2. The focus on POC and LGBT people meant that actually I didn’t feel that this was a place for me. I’m well aware how spoilt and priveleged and ridiculous this sounds and I know I’m not articulating it well but I just felt that I wasn’t the kind of person who was supposed to be taking part. I know it’s unfair and whiney and that I exist in a world where, being straight and white, I don’t often have to feel this way so maybe it’s good for me and I understand why I won’t have many people’s sympathy. However I think what I was expecting was a welcoming community where everyone was accepted and celebrated and instead I felt I wasn’t black or queer or even fat enough. Yeah I know whinge, moan, whine, get over yourself etc.etc. but that was my experience. I think that was probably the frustration that one of the commenters over on the official tumblr was feeling when she ranted about “horrible moderators”. It wasn’t elegant (or even right) but I understand the frustration of coming to a place and looking for acceptance and not receiving it because you aren’t marginalised enough.
However, there were some positives too. I was feeling very uninspried with my wardrobe and I don’t have the money to do anything about it at the moment. I realised though I liked the clothes I have. I like what I wear on a day to day basis and I generally feel quite happy with the way I look and how I present myself.

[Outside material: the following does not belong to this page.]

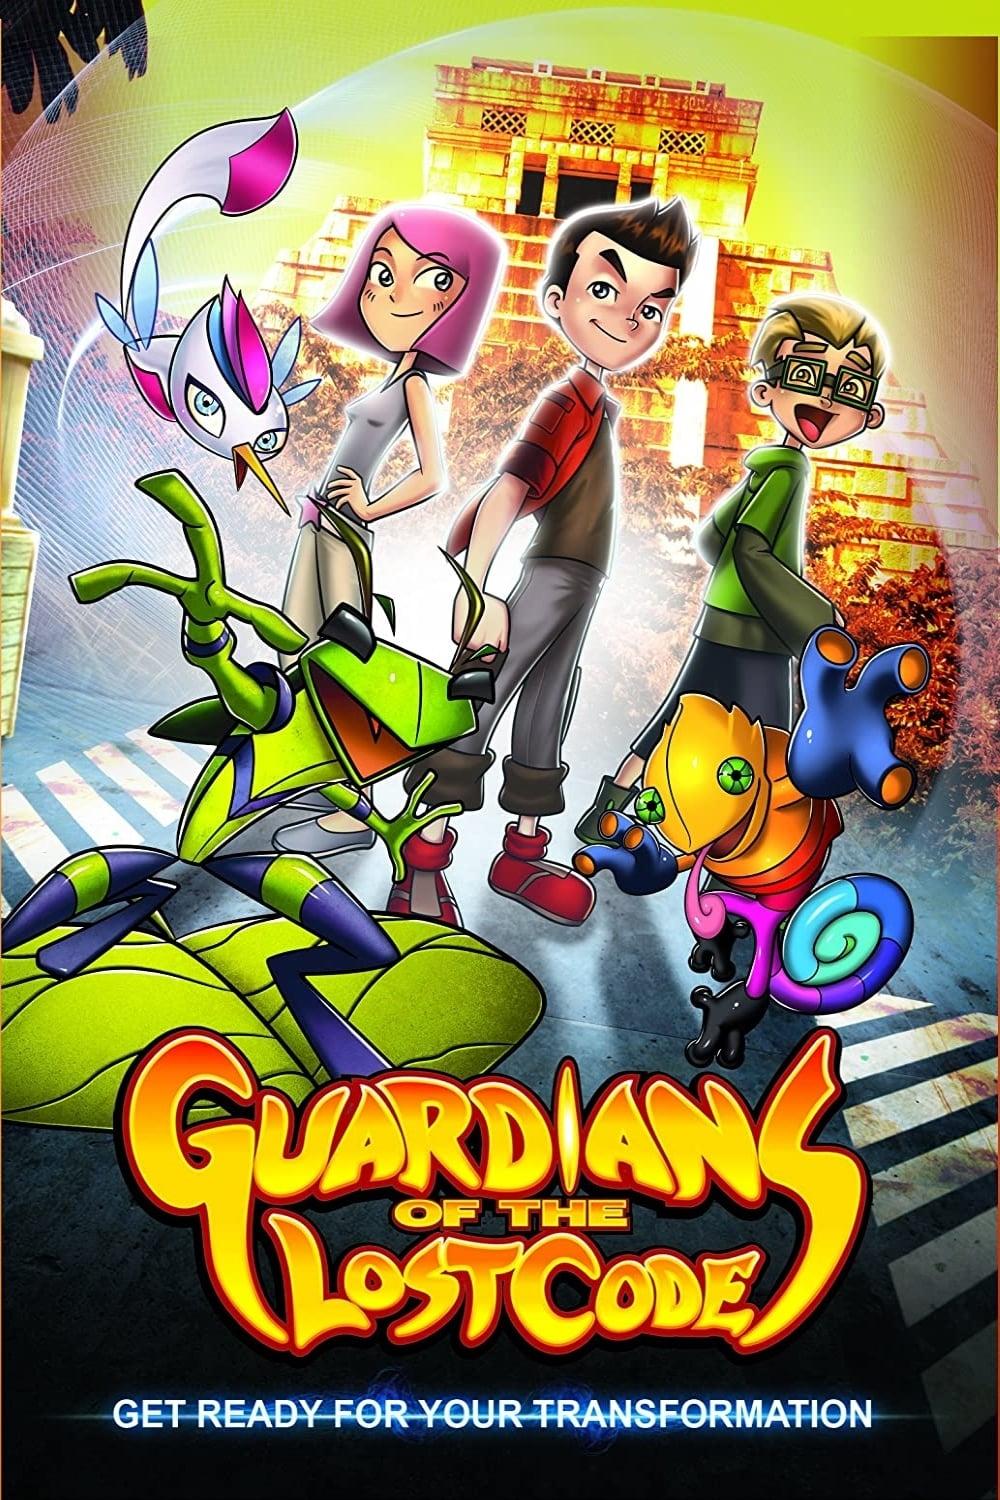 Guardians of the Lost Code poster

In terms of acceptance I realised how lucky I am that generally it’s not a battle to like myself and my body. I like my shape. I generally like how I look. I have a hugely strong belief that there are more important things in the world than my appearance but when I do focus on it, it’s not too bad. What I do want is to be more healthy. I’m vegan at the moment for lent and I’ve really enjoyed thinking more about my food and ensuring I use all of the vegetables in my veg box and I feel much better for it. My ankle is now fully recovered and I can start up my walking again and hopefully start running again soon.
I’ve been lucky in that I’ve always resisted the pressure to diet and I believe very strongly in not starving myself or fucking up my metabolism or losing weight only to put it back on and then some. I’ve been roughly the same size for the last 15 years and I think if I had dieted I’d be much bigger by now. That doesn’t change the fact though that I’m too fat to get the birth control I want. I’m not really sure what to do about that. That was the first time that my weight has affected what I could to do and as much as I know that I don’t want to diet I don’t like this scenario at all. I kind of hoped that this project might give me more clarity but I’m still not sure what I should do. I’ll have another doctors appointment in a few weeks so I’ll see what they say. I guess until then though, I’ll focus on cooking amazing vegan food, fininshing my Capital Ring walk and enjoying my clothes and my body.